La questione che rileva è un’altra, ben più decisiva d’un evento serale presentato come una «sinfonia visuale» dal suo curatore, Travis Threlkel: «Con così tante discussioni sul riscaldamento globale e le questioni ambientali, viene spontaneo domandarsi che cosa stia accadendo qui», dice Schall. «L’opinione pubblica ritiene che l’uomo, con la sua sola presenza, stia abusando della Terra. Terra che è ritenuta essere più importante dell’uomo. In un contesto con così tanti miliardi di esseri umani, ogni vita è insignificante e può essere rimpiazzata. Di conseguenza, si sviluppa una morale che parte non dall’uomo, ma dalla Terra. L’uomo viene dopo, non è più al primo posto. La tesi dello sfruttamento del pianeta – osserva il nostro interlocutore – sembra essere in conflitto con la visione biblica secondo cui l’uomo ha il “dominio” sui beni della terra». Beni che, scriveva lo stesso padre Schall in un articolo comparso qualche mese fa sul Catholic World Report, «sono lì a disposizione dell’uomo, per i suoi scopi».

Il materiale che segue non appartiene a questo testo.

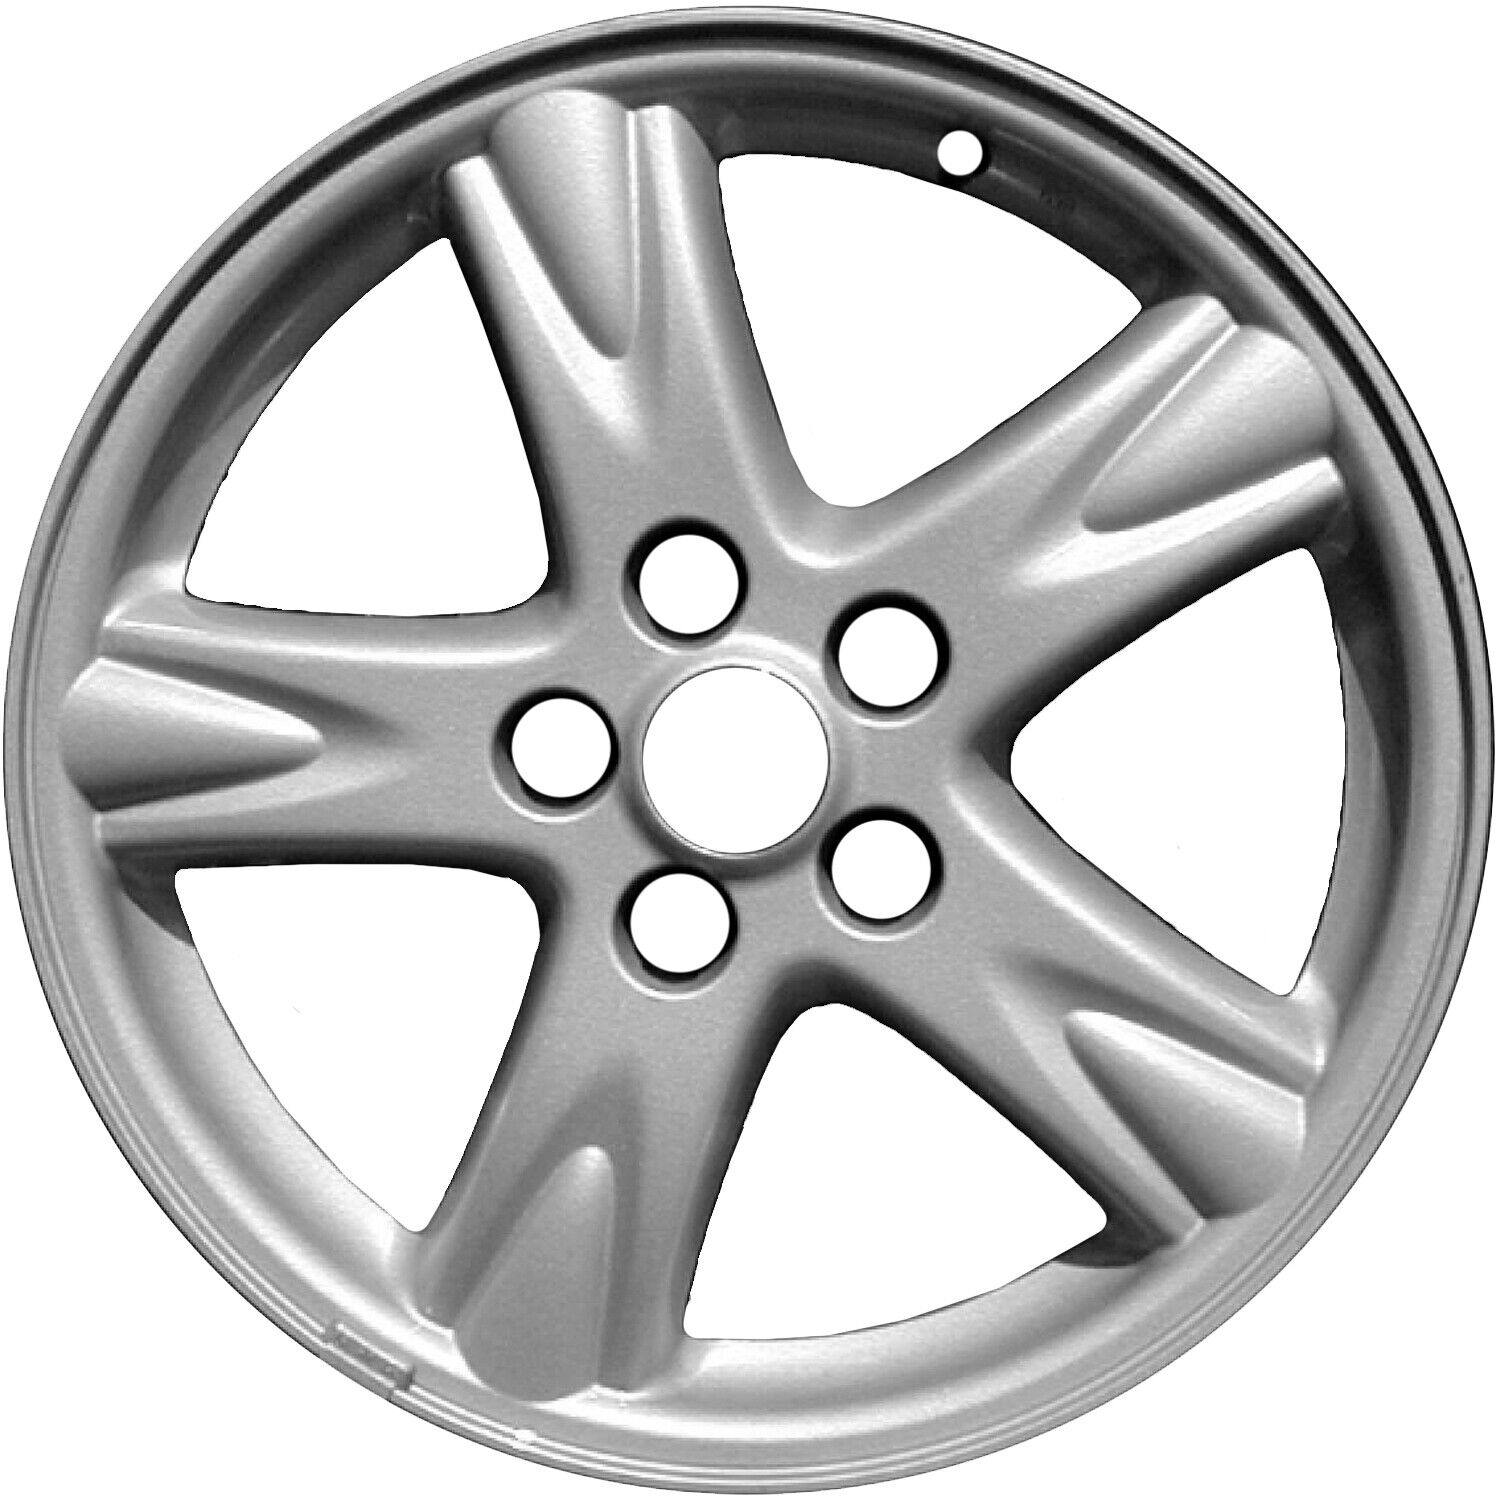 06550 Refinished Pontiac Bonneville 2002-2005 17 inch Wheel Rim

È un dibattito che sfocia nell’assurdità, se si pensa che «tra novanta e cento miliardi di esseri umani hanno già vissuto su questo pianeta nel corso di migliaia e migliaia di anni. Uomini e donne che sono stati “sostenuti” dall’abbondanza della terra. Contrariamente alle aspettative poi, le generazioni nuove che appaiono sul pianeta sono sempre migliori delle precedenti, almeno per quanto riguarda le loro condizioni fisiche». «Noi – scriveva Schall, autore di decine di pubblicazioni (l’ultima è On Christians & Poverty, 2015) – non abbiamo alcuna idea di quante generazioni ci saranno nei prossimi secoli o millenni. Pretendere di saperlo è pura arroganza. Alcuni pensatori sembrano assumere che esista una correlazione uno a uno tra il numero delle future generazioni e la diminuzione delle risorse disponibili. Questa ipotesi stima che l’uomo sparirà quando le risorse saranno esaurite, a meno che non fugga da qualche parte nel cosmo. Si dice ancora – nota Schall – che la “vera” missione umana sia quella di mantenerci in vita su questo pianeta il più a lungo possibile. Questo sforzo è il compito serissimo che l’umanità è chiamata a compiere. E tutti gli altri scopi, gli altri fini umani, diventano insignificanti. L’alternativa al Cielo diventa così la colonizzazione interstellare o il mantenere la terra incontaminata».
Ma questa altro non è che «una ipotesi escatologica secolare destinata a sostituire, come scriveva Benedetto XVI nella Spe Salvi, la concezione cristiana della vita eterna. Tutto ciò porta a un nuovo o rivitalizzato culto della Terra. In altre parole, le sue basi empiriche non sono altro che congetture». Maliziosa è la chiosa finale: «Non si parla più di riscaldamento della Terra, forse perché certe teste dure si sono accorte che non è che si stia riscaldando molto».